I started noticing the turn away from sex positivity a few years ago, when I wrote about a revival of interest in Dworkin’s work. Since then, there have been growing signs of young women rebelling against a culture that prizes erotic license over empathy and responsibility. (A similar reorientation is happening in other realms; generational battles over free speech are often about whether freedom should take precedence over sensitivity.)
Post #MeToo, feminists have expanded the types of sex that are considered coercive to include not just assault, but situations in which there are significant power differentials. Others are using new terms for what seem like old proclivities. The word “demisexual” refers to those attracted only to people with whom they share an emotional connection. Before the sexual revolution, of course, many people thought that most women were like this.

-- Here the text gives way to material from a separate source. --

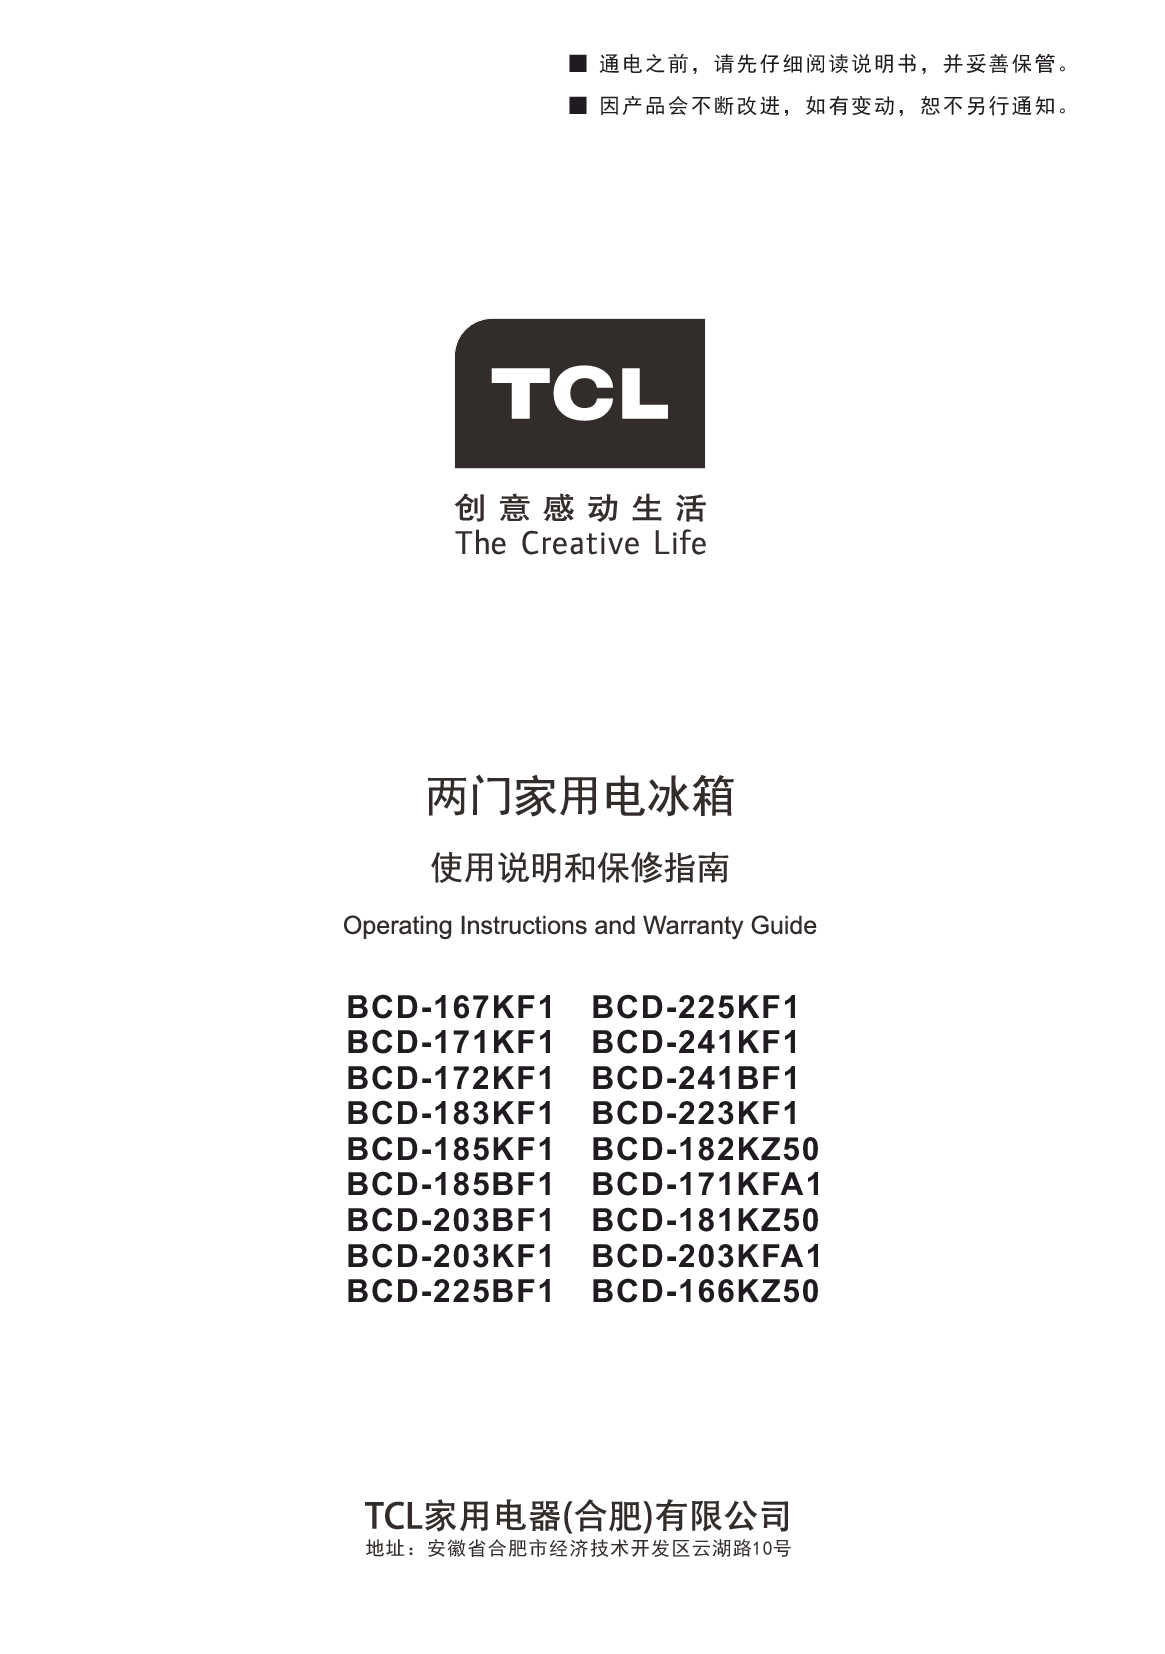 TCL BCD-166KZ50, BCD-171KF1, BCD-203BF1 使用说明书 封面

Now an aversion to casual sex has become a bona fide sexual orientation.
In March, Vox’s Rebecca Jennings reported on the spread of the “Cancel Porn” movement on TikTok. “It’s just one facet of a conservatism, for lack of a better term, that’s proliferating on TikTok from rather unlikely sources,” she wrote. “Young, presumably progressive women (for the most part)” who think that what’s sometimes called “choice feminism” caters to “patriarchy and the male gaze.” Jennings quoted the caption to one video: “Liberal feminism telling young girls that hookup culture is liberating, conditioning them to think that if you don’t have extreme kinks at a young age then they’re boring and vanilla, and encouraging them to get into sex work the minute they turn 18.”
Feminism is supposed to ease some of the dissonance between what women want and what they feel they’re supposed to want. Sex-positive feminism was able to do that for women who felt hemmed in by sexual taboos and pressured to deny their own turn-ons. But today it seems less relevant to women who feel brutalized by the expectation that they’ll be open to anything.
It doesn’t have to be this way. In her 1982 essay “Toward a Feminist Sexual Revolution,” Ellen Willis, one of the original sex-positive feminists, decried the way the sexual libertarianism pervasive in the counterculture failed women. She wrote of men who “intensified women’s sexual anxieties by equating repression with the desire for love and commitment, and exalting sex without emotion or attachment as the ideal.”
Somehow, as sex positivity went mainstream and fused with a culture shaped by pornography, attention to emotion got lost. Sex-positive feminism became a cause of some of the same suffering it was meant to remedy. Perhaps now that the old taboos have fallen, we need new ones. Not on sex, but on callousness and cruelty.